# Easy passes to ride?



## sinister_designs (Aug 26, 2011)

I have just ridden Vail side of Vail pass and will do the copper side soon, what other passes are a good one for a beginner?
I do like that Vail is on a bike path but know very few if any others exist like this.

Thanks


----------



## Bulldozer (Jul 31, 2003)

Most of the Colorado mountain passes are pretty good for beginners. Squaw, Tennessee and Fremont come to mind. Loveland and Independence tend to be steeper than average.


----------



## Bulldozer (Jul 31, 2003)

This link might help a little.

http://www.coloradodot.info/travel/maximum-grades-on-colorado-mountain-passes.html


----------



## sinister_designs (Aug 26, 2011)

Thanks the link is nice. I may try Tennessee.


----------



## sbsbiker (Mar 29, 2008)

If you have the right gears, any pass is easy.

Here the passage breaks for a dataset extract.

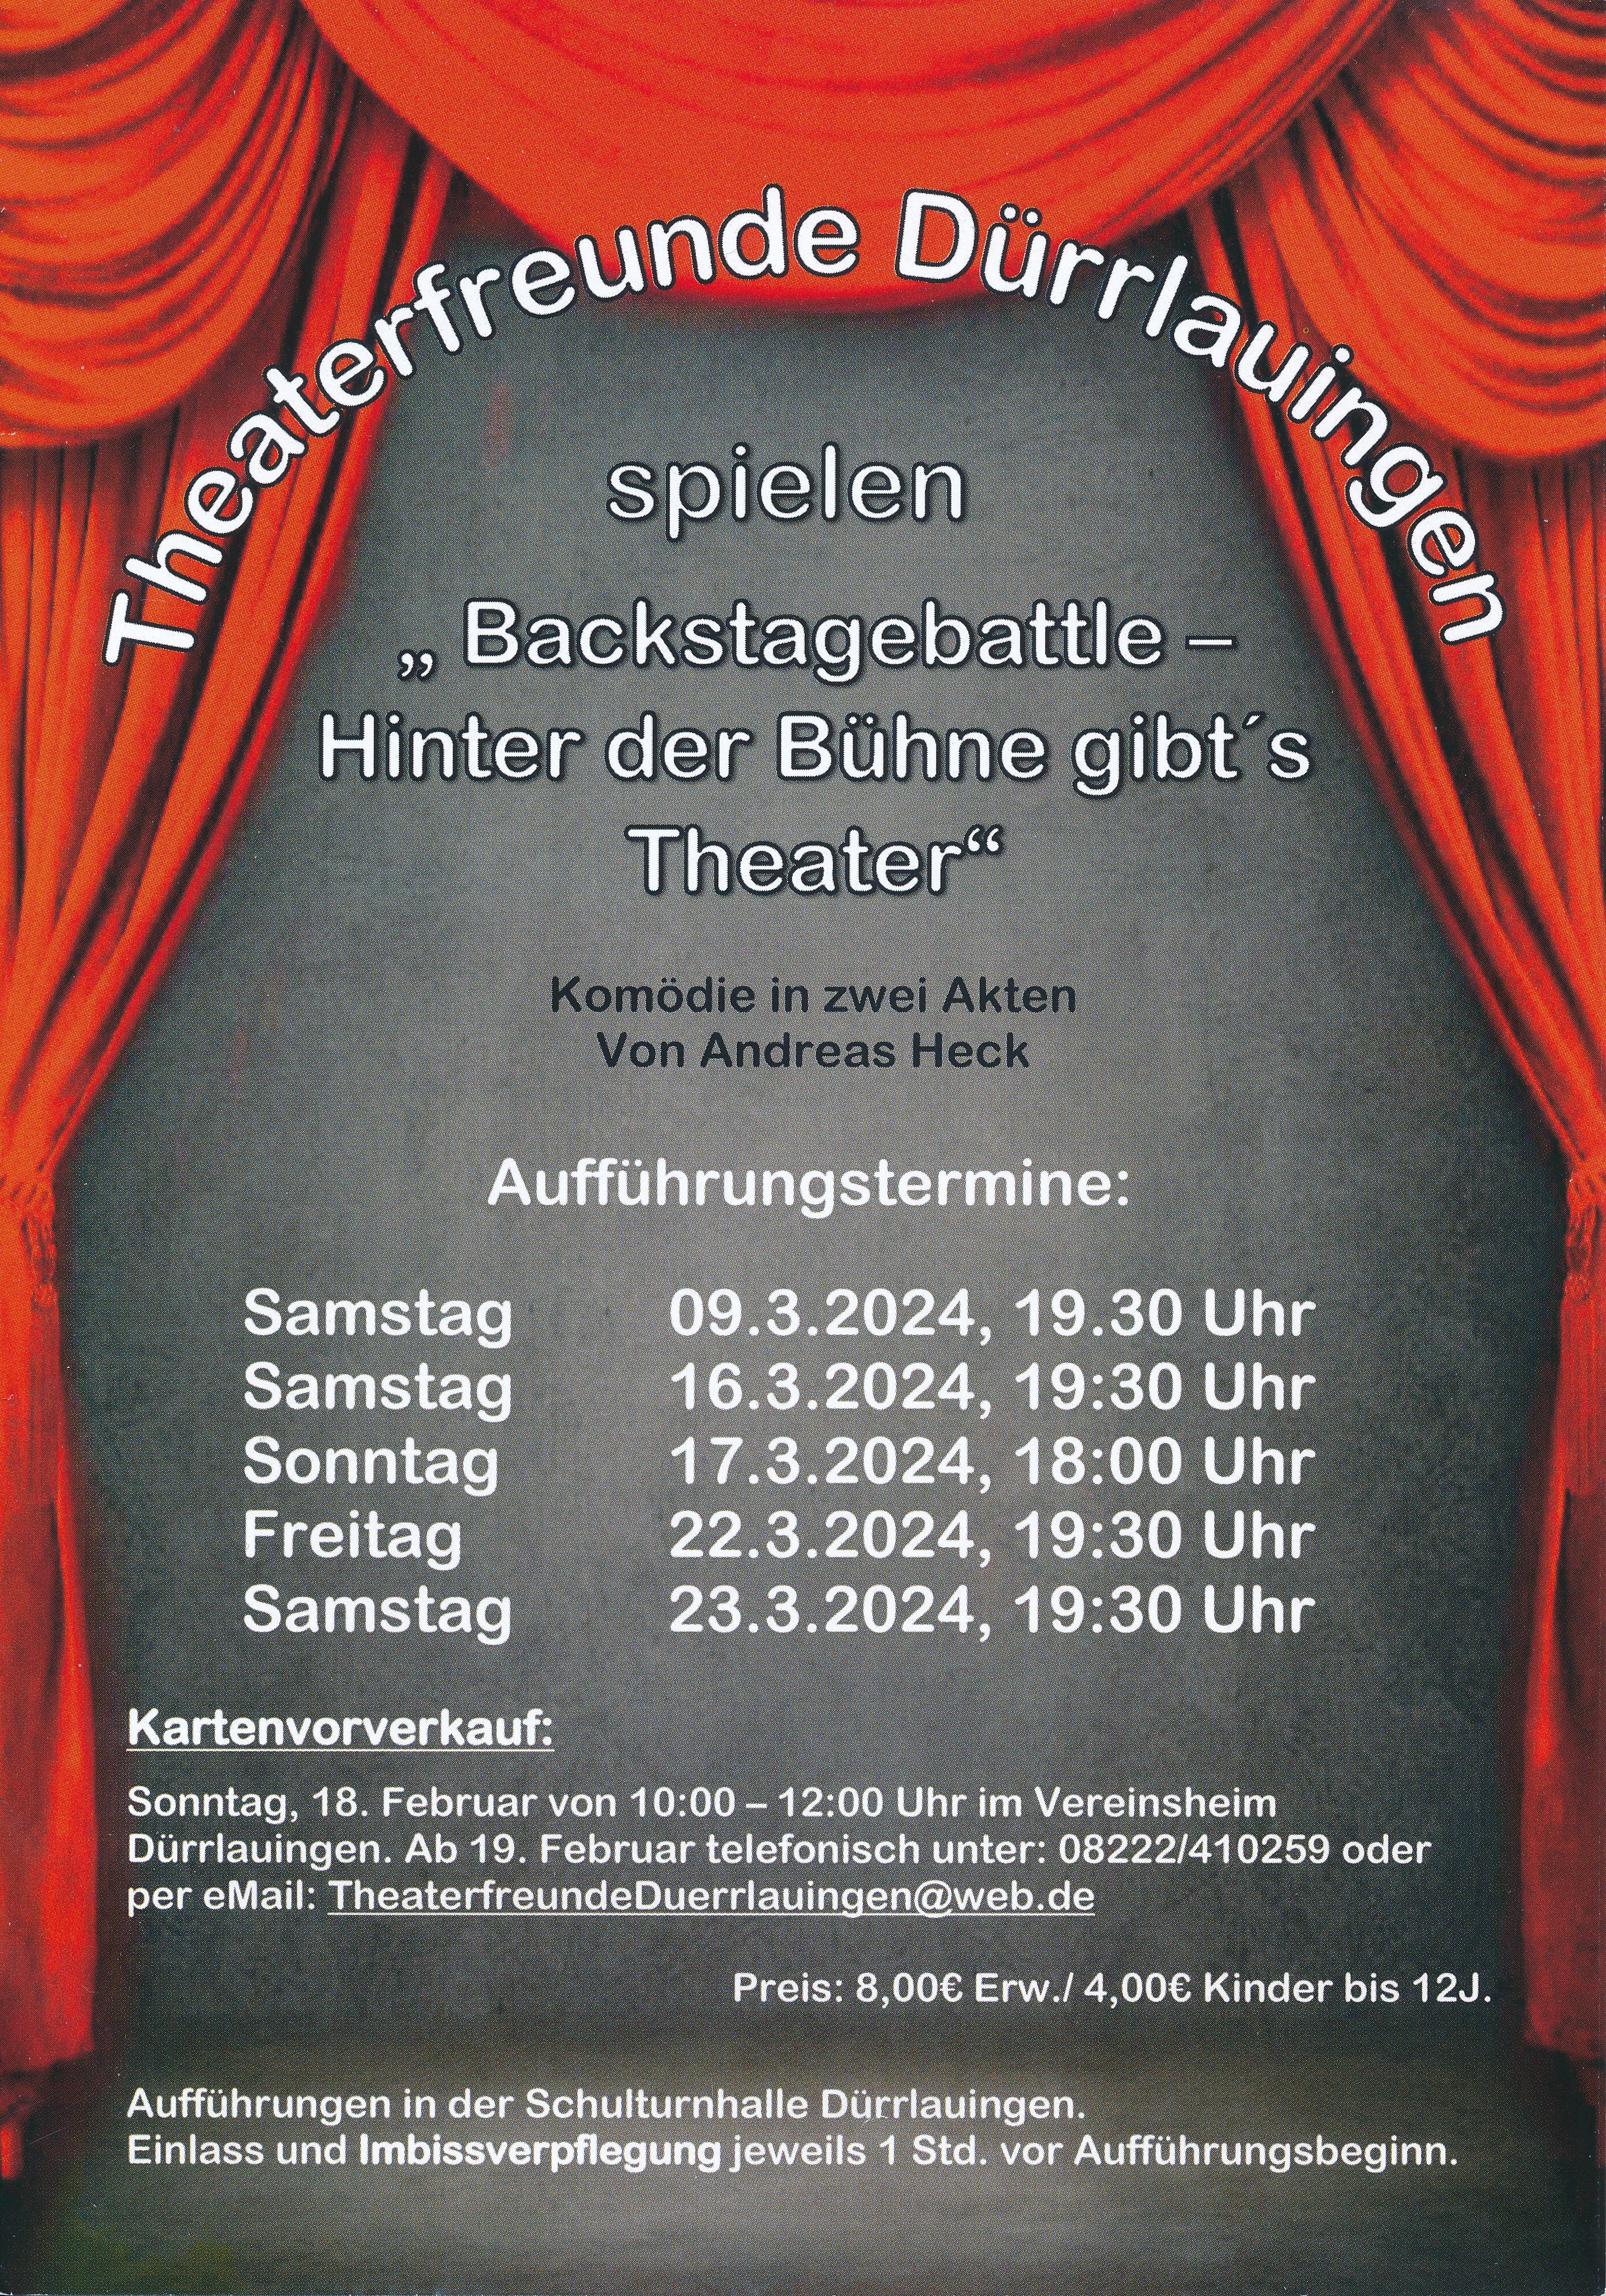 Plakat der Theaterfreunde Duerrlauingen zu "Backstagebattle"
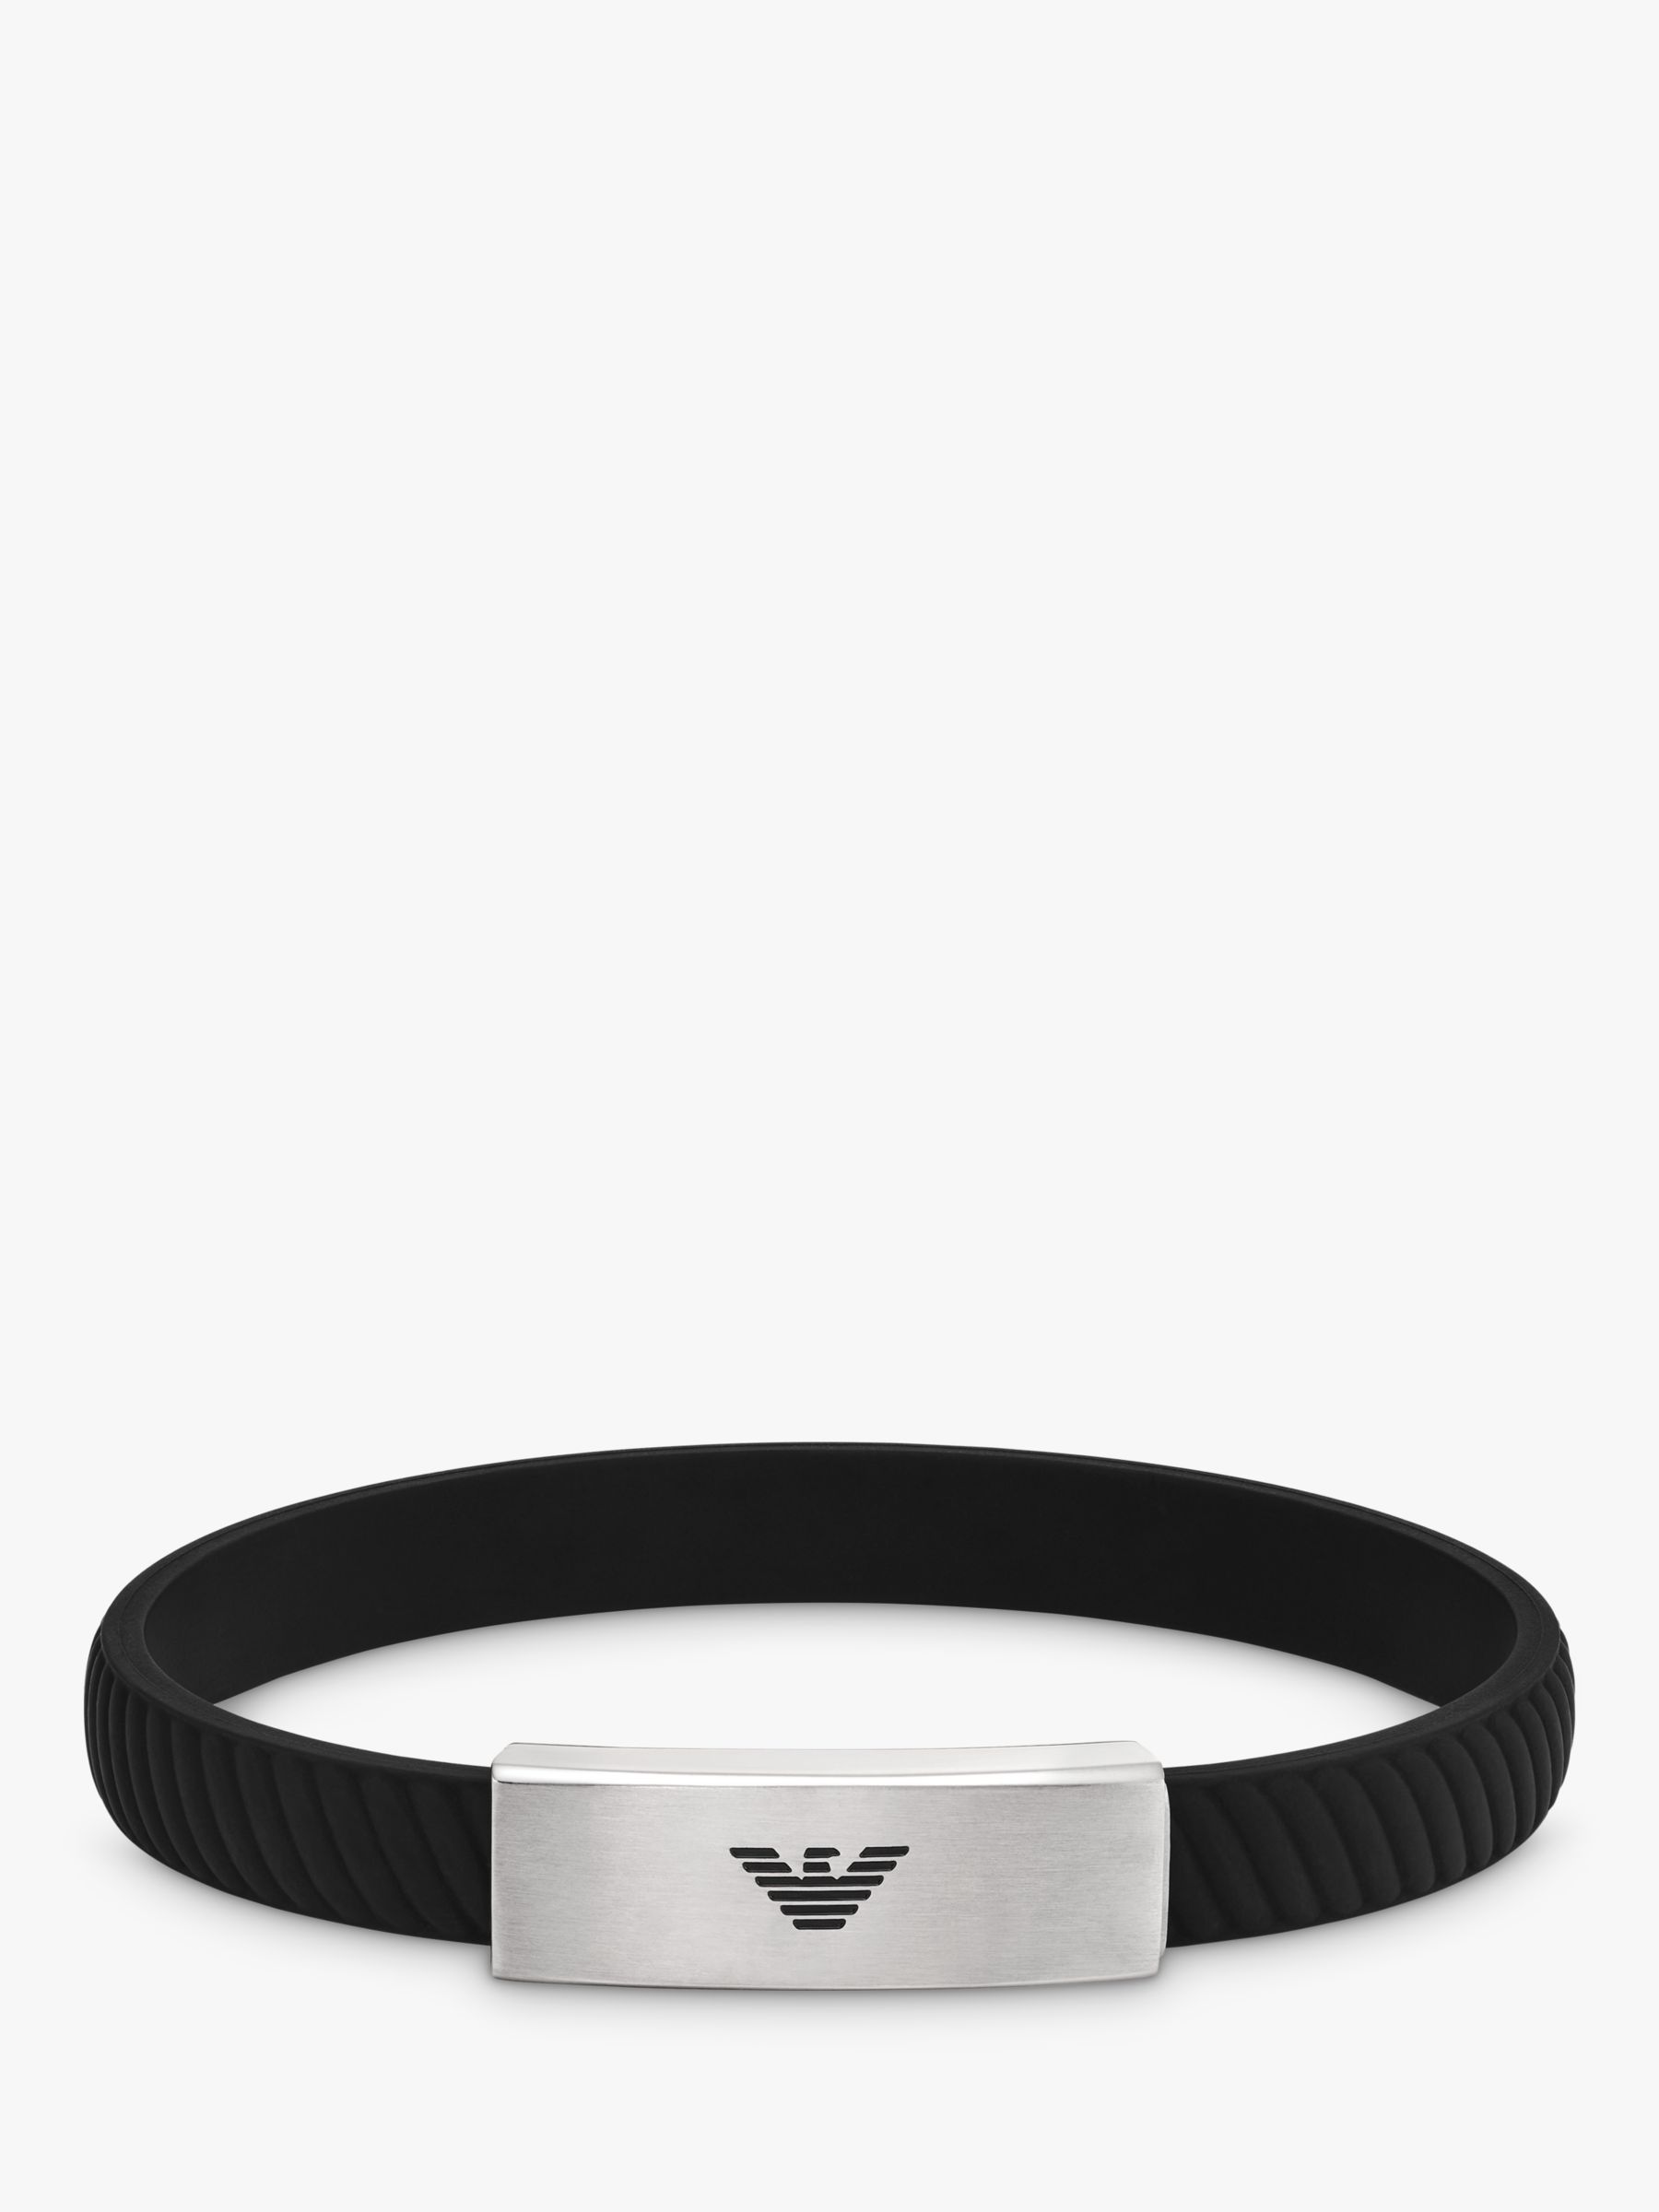 Emporio Armani Men's ID Textured Silicone Strap Bracelet, Silver/Black ...

Enjoy them all!


----------



## Tlaloc (May 12, 2005)

*Colorado Passes Data Base*

http://www.rmccrides.com/ClimbDB/climb_frame.html


----------



## sinister_designs (Aug 26, 2011)

Thanks
Another great link!


----------



## sinister_designs (Aug 26, 2011)

Which is a "nicer" ride? 

Copper to Fremont summit and back or
Copper to Vail summit?

The grade and distance are not that much or a worry more how enjoyable are the two routes? scenery etc?


----------



## Pablo (Jul 7, 2004)

sinister_designs said:


> Which is a "nicer" ride?
> 
> Copper to Fremont summit and back or
> Copper to Vail summit?
> ...


Copper to Fremont summit = a road.

Copper to Vail summit - bike path.


----------



## Bulldozer (Jul 31, 2003)

sinister_designs said:


> Which is a "nicer" ride?
> 
> Copper to Fremont summit and back or
> Copper to Vail summit?
> ...


Scenary-wise they're both good rides. The road to Fremont has heavy truck traffic due to the mine at the top. There are little to no shoulders on several parts of the ride. The ride from Copper to Vail Pass is bike path which can have its own set of hazards.


----------